Sunday, January 14, 2007

dear birthday powers that be...

This is not the way I wished to begin my twenty-fifth year on the planet.

Don't get me wrong. I appreciate all that you've done for me. After all, there are worse days and ways to be born.

I am most especially grateful for that birthday back in grade school on which you granted me a most glorious Snow Day. That, dear birthday gods, is what I'm talkin' about!

However. . .

Thing One: I am awoken at 6 am by the guy down the hall, in the midst of what was clearly a domestic quarrel of some kind, screaming at his partner to let him back into the apartment as he tried to beat down the door with his fist. The only good I can find in this is that I was awoken from a nightmare in which I was dreaming that a certain someone was at my door instead of down the hall and a perfect stranger.

Thing Two: I woke up feeling like arse. Birthday. Arse. Do not despair. The irony of this is not lost on me. Please note that I specifically stated that I did not want birthday arse of any kind. I didn't get greedy. I eagerly await notice of what misdemeanor has so greviously vexed you, birthday gods, for which I must be punished by being knocked, to borrow the harlot's turn of phrase, "arse over teakettle", on my Twenty-Fifth Birthday. I eagerly await the opportunity to rectify it post haste.
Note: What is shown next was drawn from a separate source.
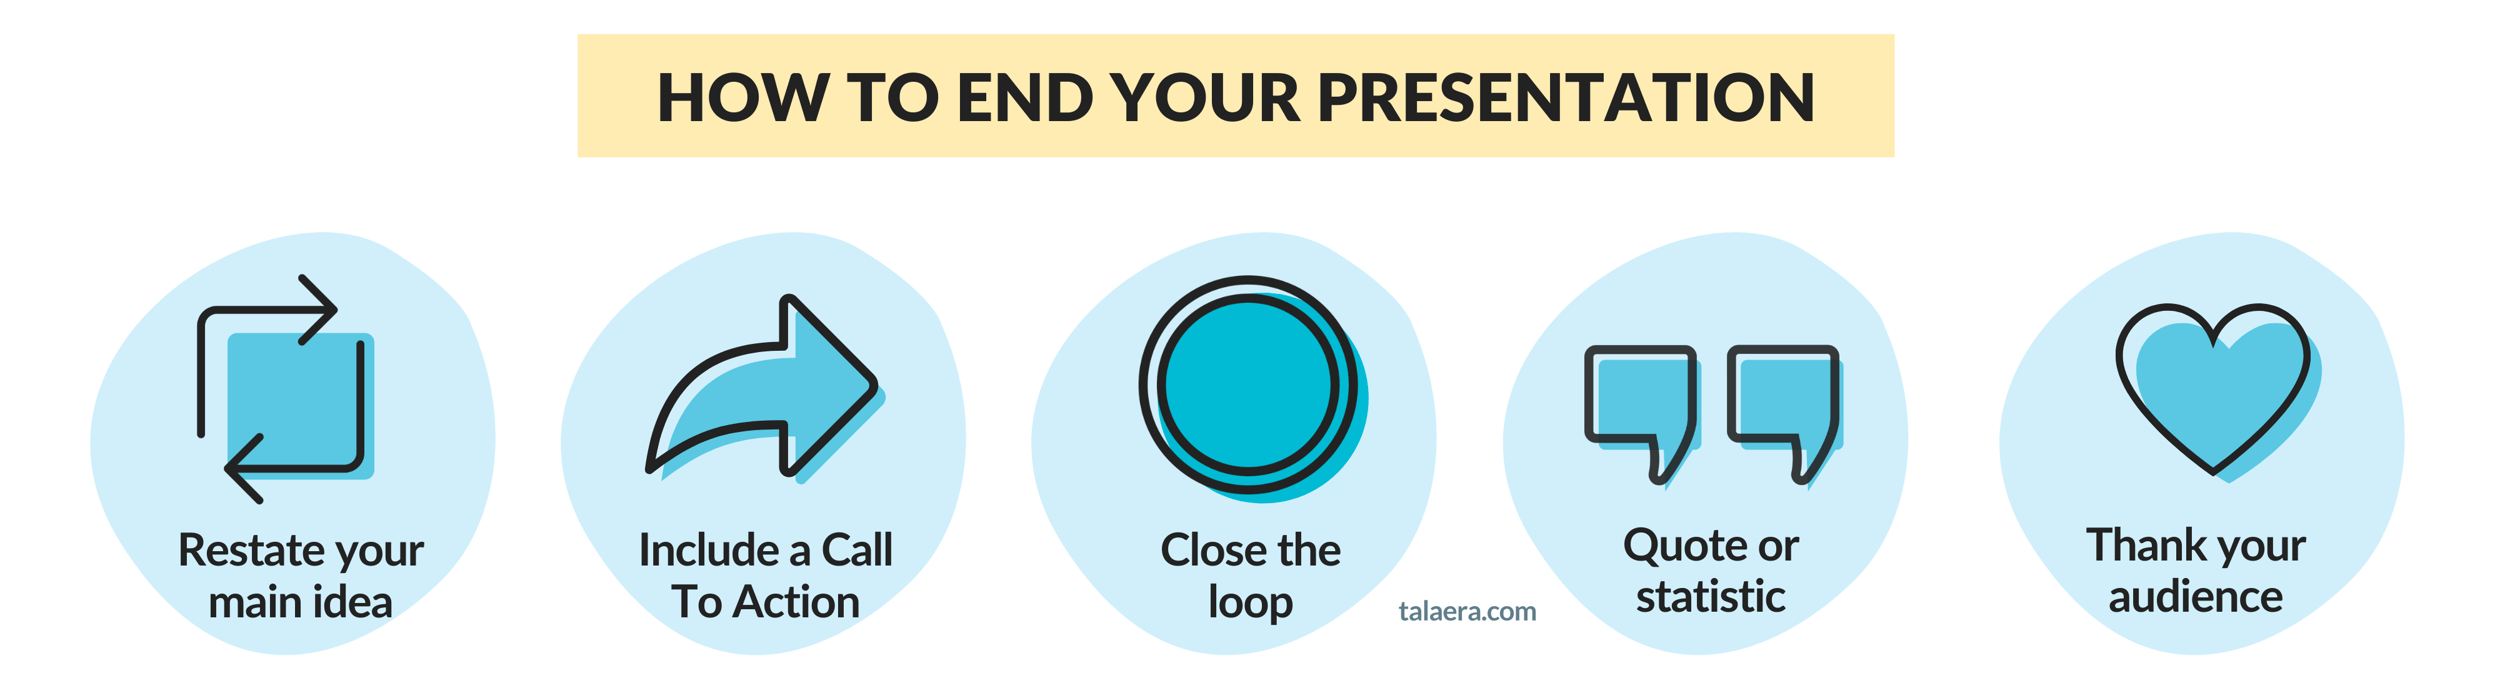 how to end the presentation slide

Thing Three: It's snowing. It's the first real snow of the year. While some like snow - even me sometimes, I am somewhat concerned that this will put a damper on the turn-out for my birthday celebration tonight.

Therefore, I would like a redo. I'm going to curl up with a cup of homemade (by me!) chicken noodle soup and my knitting in the hope that you come around to my way of thinking.

Thank you for your kind consideration.